UN halts rebel advances in DRC

afrol News, 29 October - United Nations peacekeepers have launched a massive attack using helicopters for a second successive day, to halt rebel advance in eastern Democratic Republic of Congo.

The fighting started on Sunday when Laurent Nkunda's fighers from National Congress for the Defence of the People (NCDP) launched a major attack in eastern North Kivu province.

UN's largest peacekeeping mission, MONUC, increased its intervention in the conflict as tens of thousands of displaced civilians flocked to refugee camps and government soldiers abandoned their positions.

The clashes centred on Kibumba around 30 kilometres north of Goma, where UN aircraft fired on rebel positions, stalling their advance on the regional capital, and forcing them to retreat to higher ground.

According to local reports, a top aide to General Nkunda said rebels would take Goma, whose population has been swelled by refugees from the fighting, within three days, despite having their progress slowed by the UN attack.

Government officials said forces are blocking roads into Goma from the north, but had pulled out in disarray from a second position further north.

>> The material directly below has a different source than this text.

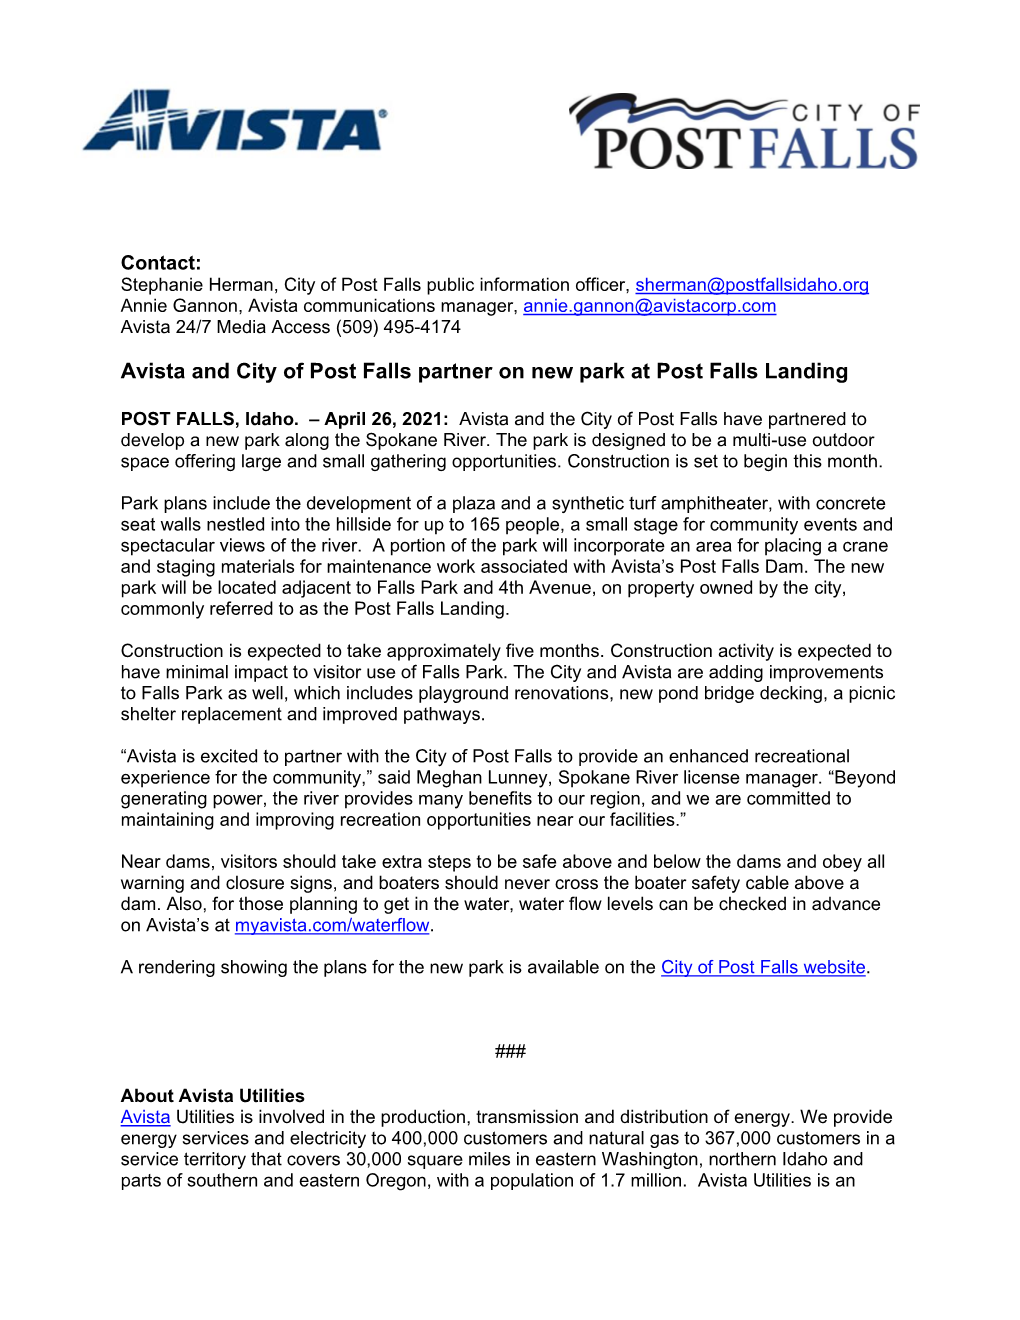 Avista and City of Post Falls Partner on New Park at Post Falls Landing

Meanwhile, Kinshasa government has accused neighbouring Rwanda of supporting general Nkunda, a charge Kigali has denied.

"General Nkunda's troops were backed by Rwandan tanks which are pounding our positions from border hill positions," a government official said.

UN Secretary General Ban Ki-moon, announced that he had dispatched two of his senior aides to talk to all parties to the conflict. "First and foremost, the fighting must be stopped," Mr Ban said.

"And I am deeply concerned about the civilian casualties as well as increasing number of internally displaced persons," he added.

Mr Ban said he was already consulting with leaders of Congo and its neighbour Rwanda as well as European and African leaders to help resolve the conflict.

He said he was particularly worried about the situation in Goma in eastern part of the country, where even UN personnel have been attacked. "The situation in Goma is worrisome," he said.

Fighting that broke out between the two sides in August violating a January ceasefire treaty has displaced some 200,000 people, United Nations food aid agency has said.